___ PROVIDED INFORMATION ___

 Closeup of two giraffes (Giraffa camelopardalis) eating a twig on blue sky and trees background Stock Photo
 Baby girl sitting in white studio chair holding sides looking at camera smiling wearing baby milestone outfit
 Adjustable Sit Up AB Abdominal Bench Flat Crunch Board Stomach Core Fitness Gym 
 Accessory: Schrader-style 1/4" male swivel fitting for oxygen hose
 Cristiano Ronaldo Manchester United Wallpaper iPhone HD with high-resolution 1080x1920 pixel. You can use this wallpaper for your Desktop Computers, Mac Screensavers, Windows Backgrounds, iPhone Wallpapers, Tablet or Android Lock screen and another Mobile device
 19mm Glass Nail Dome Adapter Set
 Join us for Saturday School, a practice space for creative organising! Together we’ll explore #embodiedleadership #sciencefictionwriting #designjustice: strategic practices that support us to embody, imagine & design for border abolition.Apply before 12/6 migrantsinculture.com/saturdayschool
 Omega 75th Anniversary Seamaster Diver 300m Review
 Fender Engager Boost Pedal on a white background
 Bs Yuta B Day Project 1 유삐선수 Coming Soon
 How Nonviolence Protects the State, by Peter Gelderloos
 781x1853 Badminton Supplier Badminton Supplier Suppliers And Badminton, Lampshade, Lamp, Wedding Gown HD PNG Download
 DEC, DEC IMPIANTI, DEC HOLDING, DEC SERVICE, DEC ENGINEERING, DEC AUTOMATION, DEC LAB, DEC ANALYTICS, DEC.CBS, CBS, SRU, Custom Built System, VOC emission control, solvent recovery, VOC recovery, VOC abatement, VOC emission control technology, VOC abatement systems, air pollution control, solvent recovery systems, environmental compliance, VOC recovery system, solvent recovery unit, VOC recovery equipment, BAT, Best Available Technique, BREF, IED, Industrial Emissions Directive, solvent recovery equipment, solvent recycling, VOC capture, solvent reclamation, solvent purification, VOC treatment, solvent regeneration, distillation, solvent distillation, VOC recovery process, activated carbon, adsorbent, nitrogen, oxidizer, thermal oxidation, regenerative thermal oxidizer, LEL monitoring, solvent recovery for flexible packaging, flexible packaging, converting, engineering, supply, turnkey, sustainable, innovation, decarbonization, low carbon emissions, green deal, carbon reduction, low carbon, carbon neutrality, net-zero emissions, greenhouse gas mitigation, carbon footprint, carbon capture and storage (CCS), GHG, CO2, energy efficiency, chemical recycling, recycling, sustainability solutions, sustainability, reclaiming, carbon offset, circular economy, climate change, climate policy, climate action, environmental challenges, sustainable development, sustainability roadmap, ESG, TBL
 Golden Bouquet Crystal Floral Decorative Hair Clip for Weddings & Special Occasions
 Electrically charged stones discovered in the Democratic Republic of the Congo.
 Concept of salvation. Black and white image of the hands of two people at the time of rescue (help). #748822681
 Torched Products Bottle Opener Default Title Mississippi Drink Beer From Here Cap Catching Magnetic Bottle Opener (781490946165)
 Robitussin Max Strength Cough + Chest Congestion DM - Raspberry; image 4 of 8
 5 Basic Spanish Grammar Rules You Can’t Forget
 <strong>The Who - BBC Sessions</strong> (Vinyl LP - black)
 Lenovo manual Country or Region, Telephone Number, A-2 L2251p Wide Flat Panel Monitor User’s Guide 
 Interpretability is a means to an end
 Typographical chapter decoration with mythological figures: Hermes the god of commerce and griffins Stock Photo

___

-- EXERCISE GOAL --
Reproduce the records exactly as they appear.

-- EXERCISE ANSWER --
 Closeup of two giraffes (Giraffa camelopardalis) eating a twig on blue sky and trees background Stock Photo
 Baby girl sitting in white studio chair holding sides looking at camera smiling wearing baby milestone outfit
 Adjustable Sit Up AB Abdominal Bench Flat Crunch Board Stomach Core Fitness Gym 
 Accessory: Schrader-style 1/4" male swivel fitting for oxygen hose
 Cristiano Ronaldo Manchester United Wallpaper iPhone HD with high-resolution 1080x1920 pixel. You can use this wallpaper for your Desktop Computers, Mac Screensavers, Windows Backgrounds, iPhone Wallpapers, Tablet or Android Lock screen and another Mobile device
 19mm Glass Nail Dome Adapter Set
 Join us for Saturday School, a practice space for creative organising! Together we’ll explore #embodiedleadership #sciencefictionwriting #designjustice: strategic practices that support us to embody, imagine & design for border abolition.Apply before 12/6 migrantsinculture.com/saturdayschool
 Omega 75th Anniversary Seamaster Diver 300m Review
 Fender Engager Boost Pedal on a white background
 Bs Yuta B Day Project 1 유삐선수 Coming Soon
 How Nonviolence Protects the State, by Peter Gelderloos
 781x1853 Badminton Supplier Badminton Supplier Suppliers And Badminton, Lampshade, Lamp, Wedding Gown HD PNG Download
 DEC, DEC IMPIANTI, DEC HOLDING, DEC SERVICE, DEC ENGINEERING, DEC AUTOMATION, DEC LAB, DEC ANALYTICS, DEC.CBS, CBS, SRU, Custom Built System, VOC emission control, solvent recovery, VOC recovery, VOC abatement, VOC emission control technology, VOC abatement systems, air pollution control, solvent recovery systems, environmental compliance, VOC recovery system, solvent recovery unit, VOC recovery equipment, BAT, Best Available Technique, BREF, IED, Industrial Emissions Directive, solvent recovery equipment, solvent recycling, VOC capture, solvent reclamation, solvent purification, VOC treatment, solvent regeneration, distillation, solvent distillation, VOC recovery process, activated carbon, adsorbent, nitrogen, oxidizer, thermal oxidation, regenerative thermal oxidizer, LEL monitoring, solvent recovery for flexible packaging, flexible packaging, converting, engineering, supply, turnkey, sustainable, innovation, decarbonization, low carbon emissions, green deal, carbon reduction, low carbon, carbon neutrality, net-zero emissions, greenhouse gas mitigation, carbon footprint, carbon capture and storage (CCS), GHG, CO2, energy efficiency, chemical recycling, recycling, sustainability solutions, sustainability, reclaiming, carbon offset, circular economy, climate change, climate policy, climate action, environmental challenges, sustainable development, sustainability roadmap, ESG, TBL
 Golden Bouquet Crystal Floral Decorative Hair Clip for Weddings & Special Occasions
 Electrically charged stones discovered in the Democratic Republic of the Congo.
 Concept of salvation. Black and white image of the hands of two people at the time of rescue (help). #748822681
 Torched Products Bottle Opener Default Title Mississippi Drink Beer From Here Cap Catching Magnetic Bottle Opener (781490946165)
 Robitussin Max Strength Cough + Chest Congestion DM - Raspberry; image 4 of 8
 5 Basic Spanish Grammar Rules You Can’t Forget
 <strong>The Who - BBC Sessions</strong> (Vinyl LP - black)
 Lenovo manual Country or Region, Telephone Number, A-2 L2251p Wide Flat Panel Monitor User’s Guide 
 Interpretability is a means to an end
 Typographical chapter decoration with mythological figures: Hermes the god of commerce and griffins Stock Photo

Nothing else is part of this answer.